In the recent Supreme Court case of C.M. Callow Inc. v. Zollinger, 2020 SCC 45, the duty of honesty, initially established in Bhasin, was further expanded or clarified. The Court ruled that honesty in contractual dealings involves more than just abstaining from falsehoods. It encompasses a responsibility to steer clear of partially true statements that could mislead. This expanded duty also includes the obligation to avoid staying silent, meaning a failure to rectify or clarify misunderstandings that might arise between parties in a contract. Specifically, the Court stated:
[89] I acknowledge that in cases where there’s no explicit falsehood, as is the situation here, determining whether a party “knowingly misled” its counterpart isn’t always evident. However, it’s incorrect to suggest, as Baycrest did, that nothing lies between an outright lie and silence. In other legal contexts, such as in misrepresentation law, courts have examined situations to determine whether a misrepresentation existed, irrespective of whether a direct lie was present (referenced in A. Swan, “The Obligation to Perform in Good Faith: Comment on Bhasin v. Hrynew” (2015), 56 Can. Bus. L.J. 395, at p. 402). Professor Waddams highlighted that an incomplete statement can be as misleading as a false one, and courts have often treated such partial truths as legally significant misrepresentations (The Law of Contracts (7th ed. 2017), at No. 441). Similarly, when a party makes a statement it believed to be true initially, but subsequent circumstances alter its accuracy, courts have found an obligation to rectify the misrepresentation in various contexts (refer to Xerex Exploration Ltd. v. Petro-Canada, 2005 ABCA 224, 47 Alta. L.R. (4th) 6, at para. 58; also C. Mummé, “Bhasin v. Hrynew: A New Era for Good Faith in Canadian Employment Law, or Just Tinkering at the Margins?” (2016), 32 Intl J. Comp. Lab. L. & Ind. Rel. 117, at p. 123).
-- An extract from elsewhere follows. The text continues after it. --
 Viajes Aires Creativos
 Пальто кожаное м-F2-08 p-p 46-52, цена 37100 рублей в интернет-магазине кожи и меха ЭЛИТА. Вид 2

[90] These instances suggest that the standards of honesty in contractual performance often extend beyond simply prohibiting direct lies. Indeed, the notion of “misleading” one’s counterpart, a term separately referenced by Cromwell J., can encompass instances of silence or omissions in certain circumstances. One can mislead through action, by explicitly saying something to their counterpart, or through inaction, by neglecting to rectify a misunderstanding caused by their own misleading behavior. To me, these instances represent closely linked deceptive practices within the spectrum of contractual dealings (refer, for example, to Yam Seng Pte Ltd. v. International Trade Corp. Ltd., [2013] E.W.H.C. 111, [2013] 1 All E.R. (Comm.) 1321 (Q.B.), at para. 141).